**TO DO**
A word-for-word copy of the data, pictures excluded, is what this task asks for.

**STORED DATA**
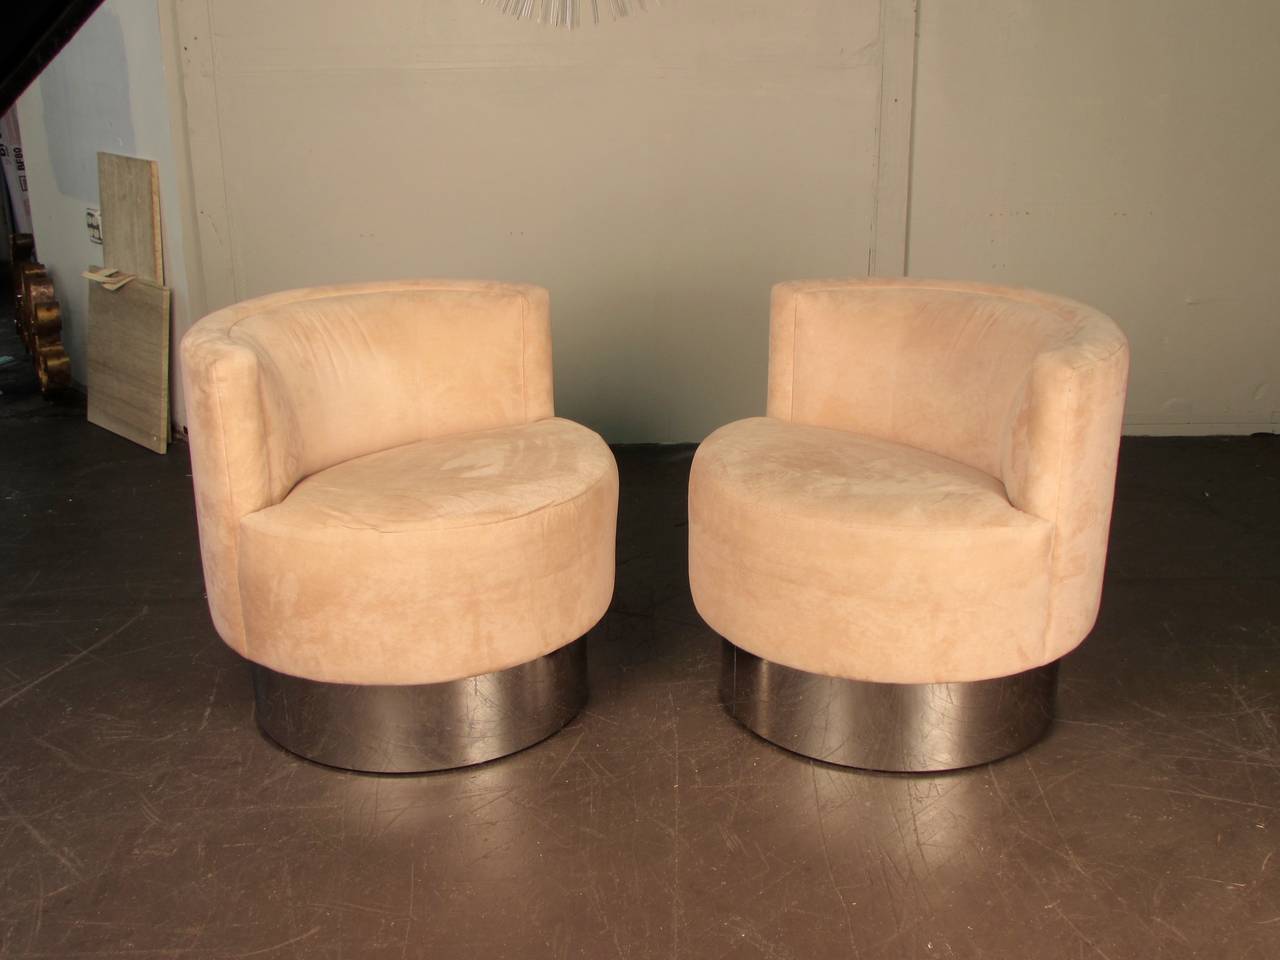 Pair of swivel lounge chairs on smoked chrome bases, five chairs available. These chairs are very well made and heavy. Chrome bases are in excellent condition. Velvet upholstery needs to be redone. Maker is unknown. In the style of Leon Rosen, Milo
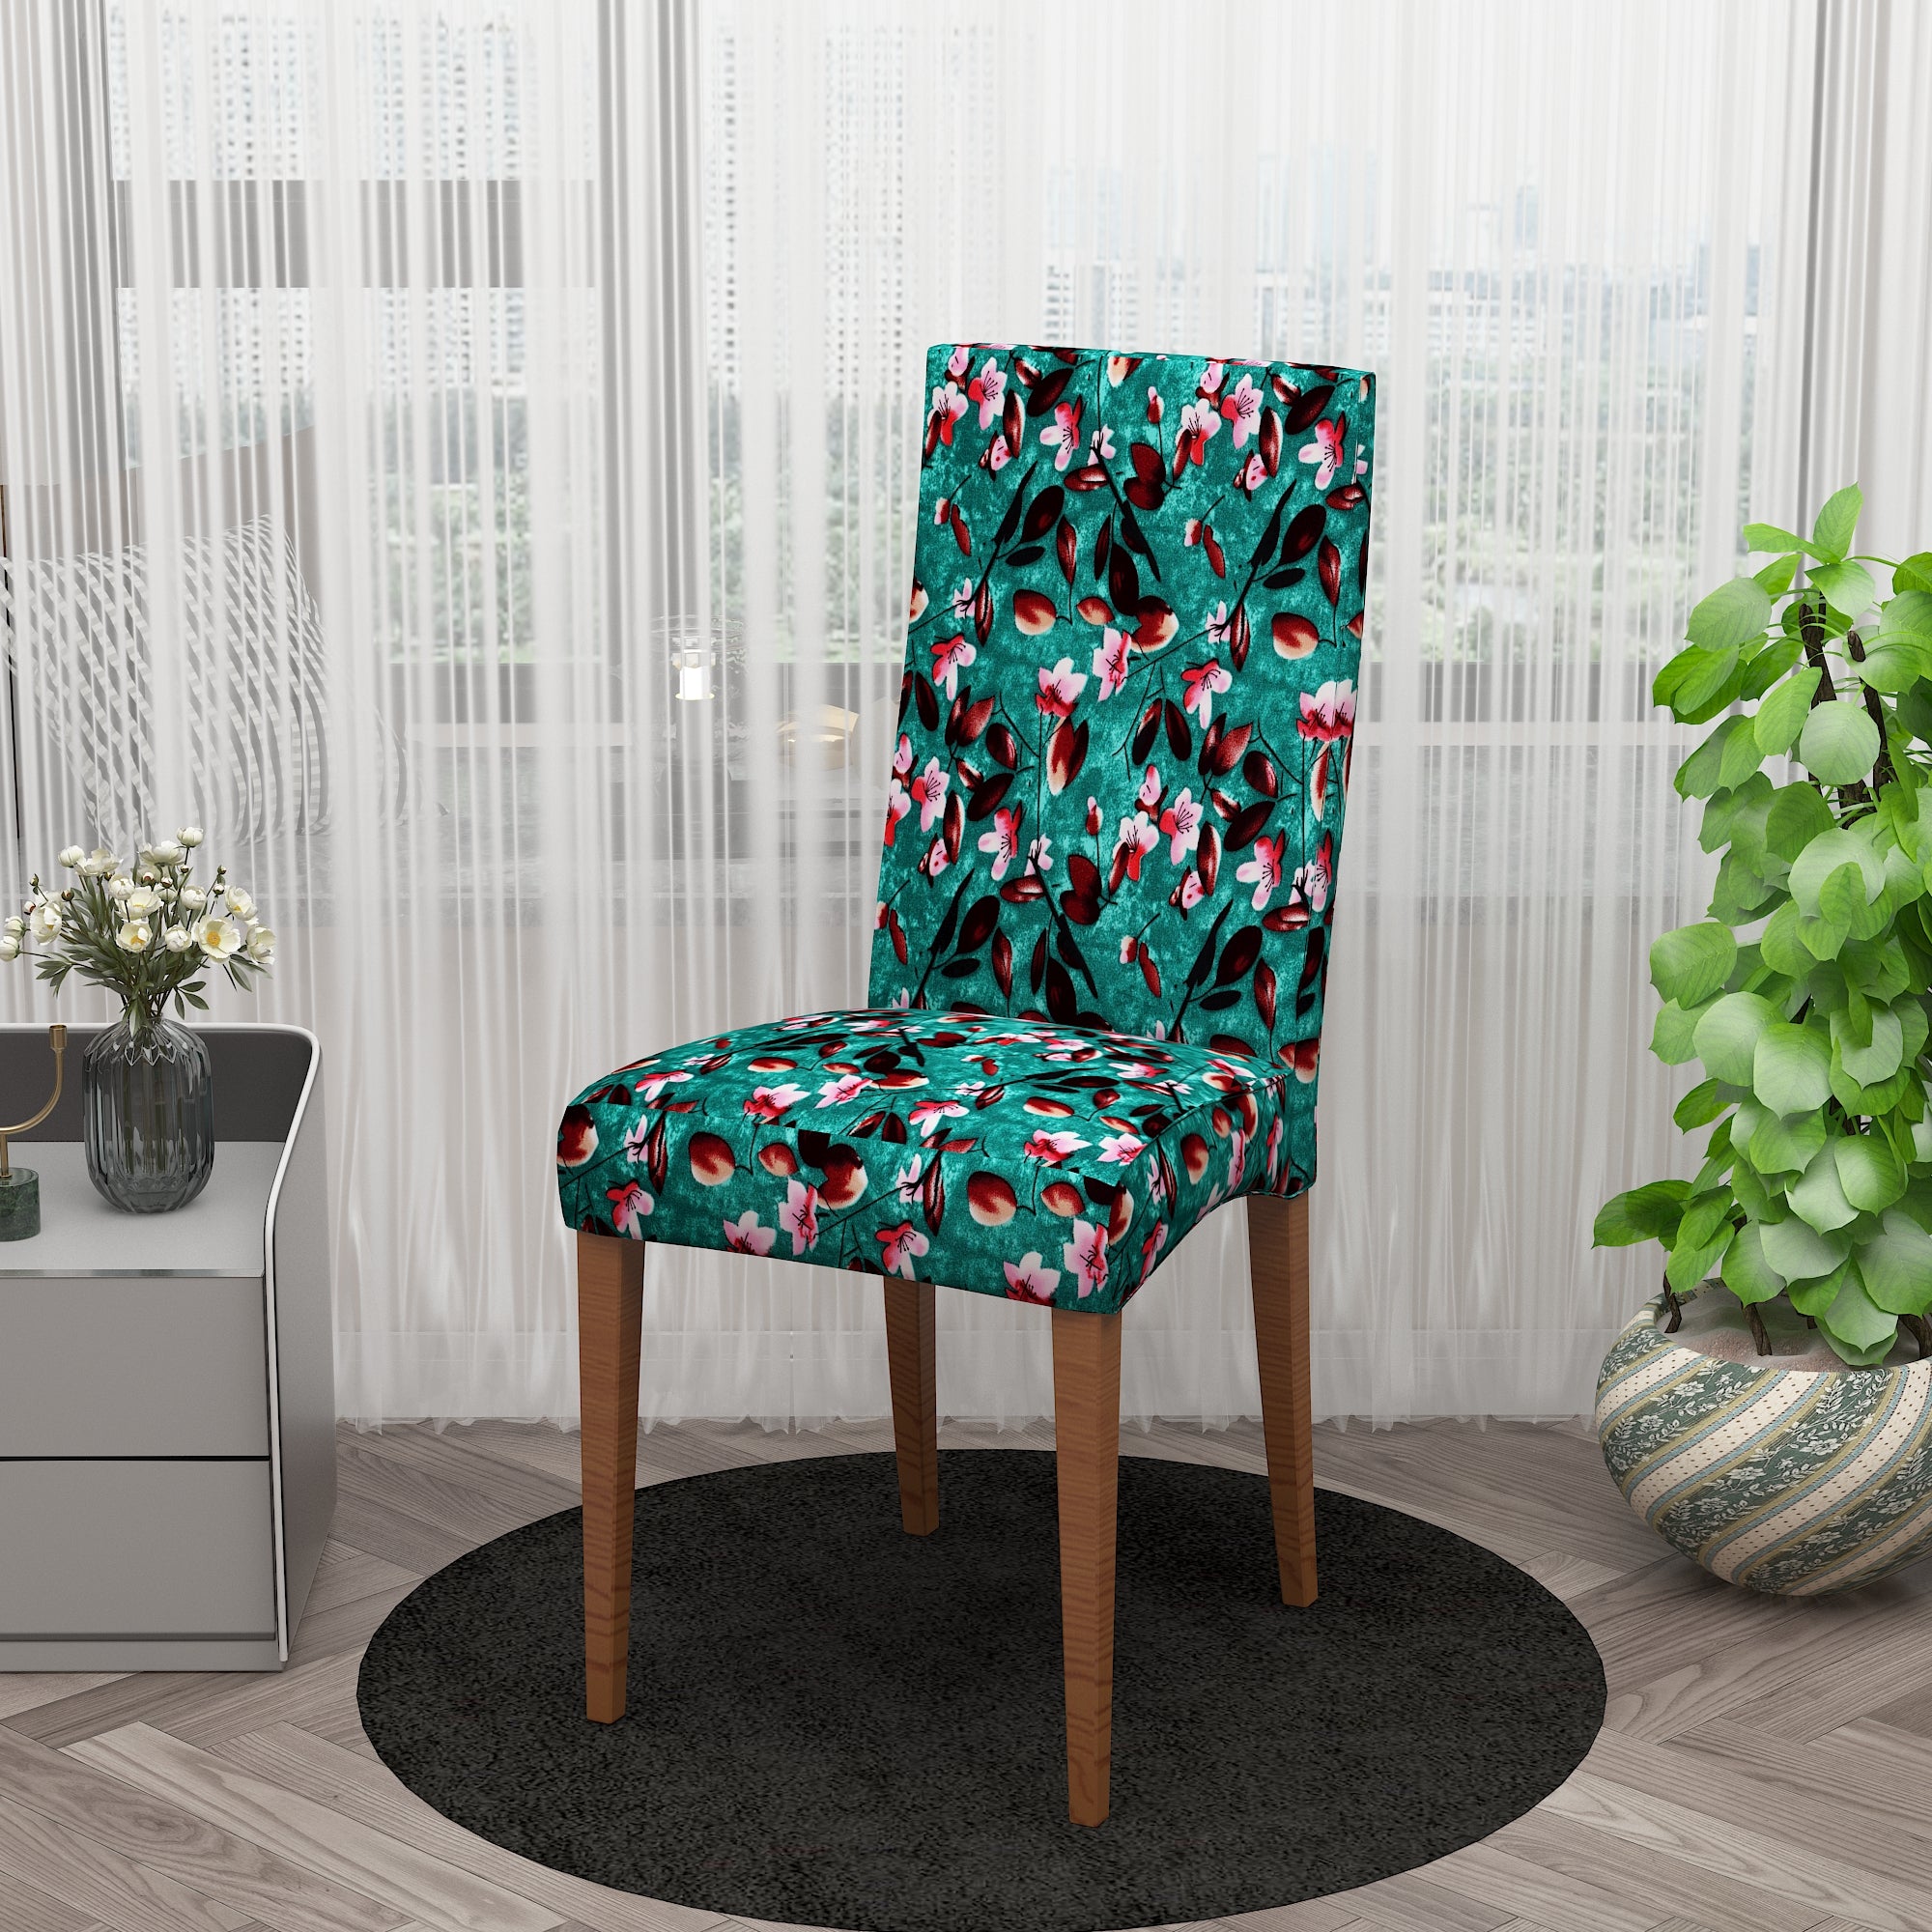 Polyester Spandex Stretchable Printed Chair Cover, MG11
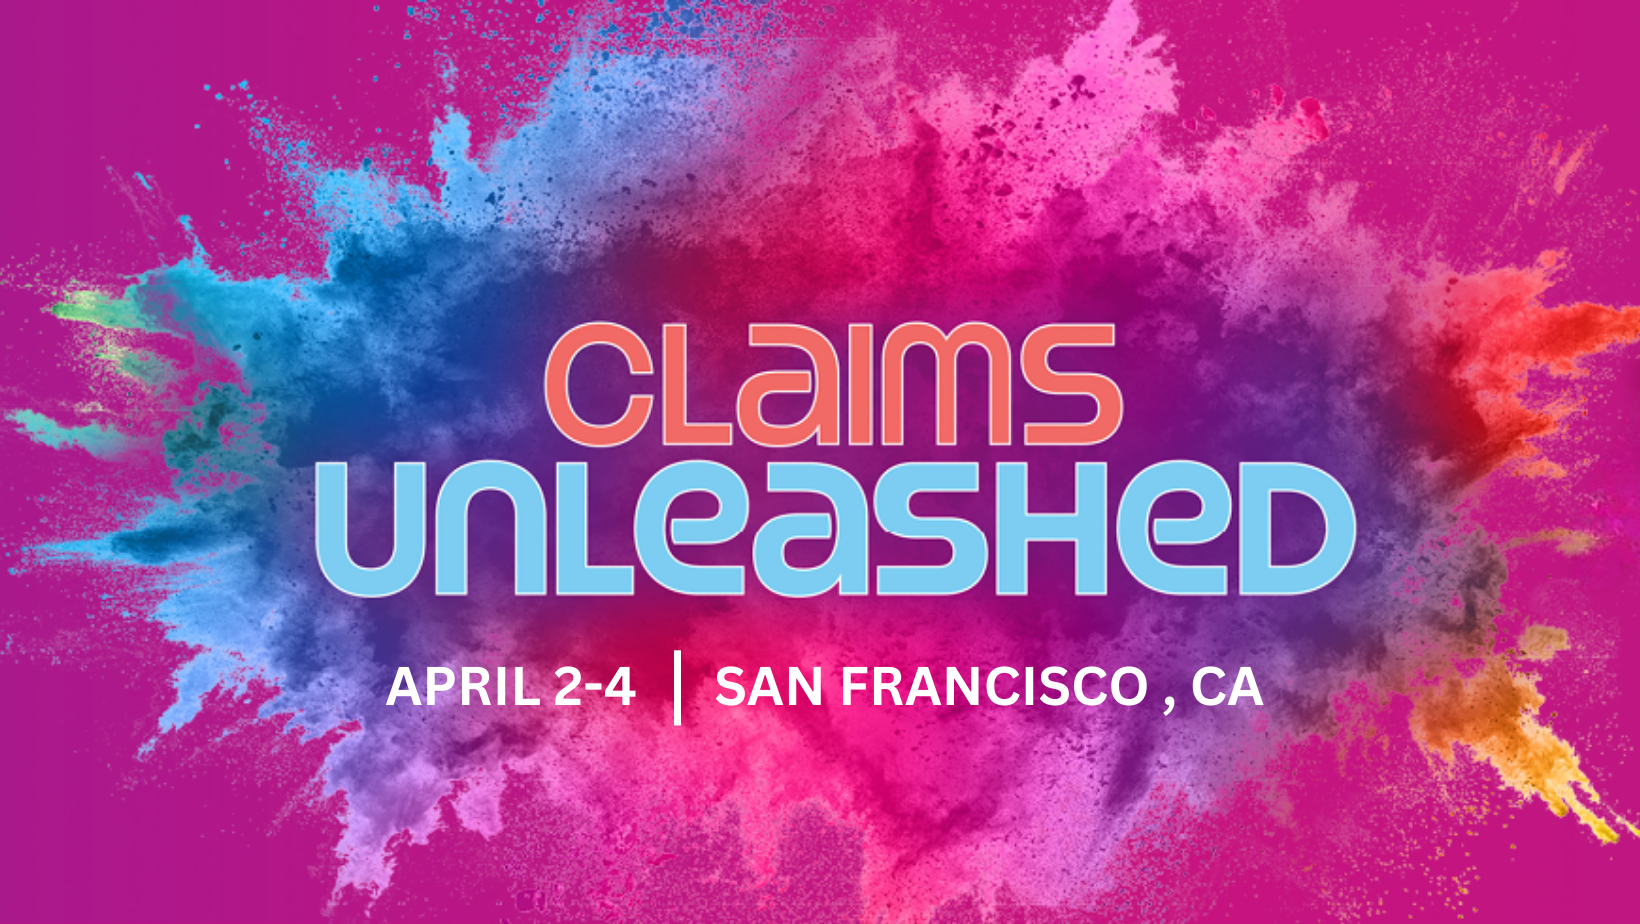 CLM Annual Conference / Claims Unleashed CHARLEE.AI
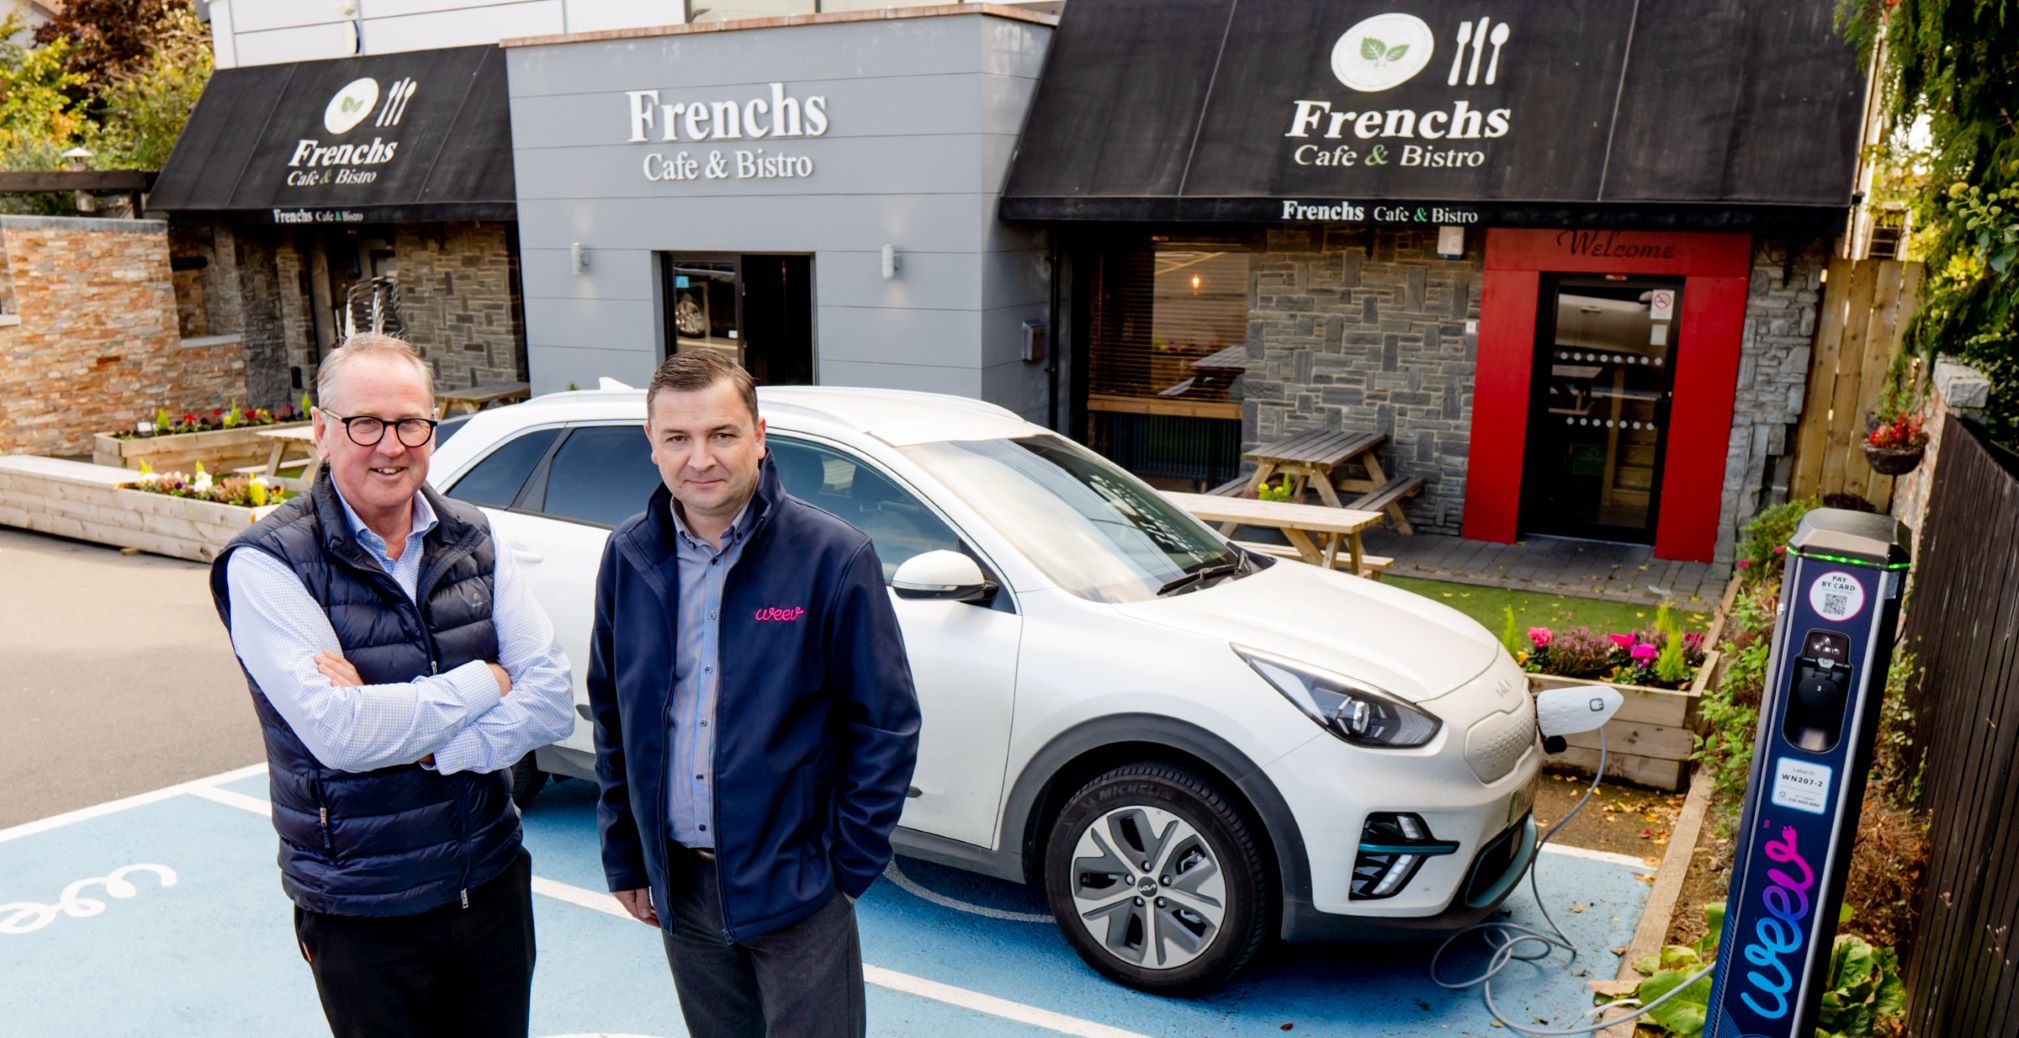 Weev installs EV charging points at French’s Cafe and Bistro as part of network expansion

**TASK RESULT**
 Pair of swivel lounge chairs on smoked chrome bases, five chairs available. These chairs are very well made and heavy. Chrome bases are in excellent condition. Velvet upholstery needs to be redone. Maker is unknown. In the style of Leon Rosen, Milo
 Polyester Spandex Stretchable Printed Chair Cover, MG11
 CLM Annual Conference / Claims Unleashed CHARLEE.AI
 Weev installs EV charging points at French’s Cafe and Bistro as part of network expansion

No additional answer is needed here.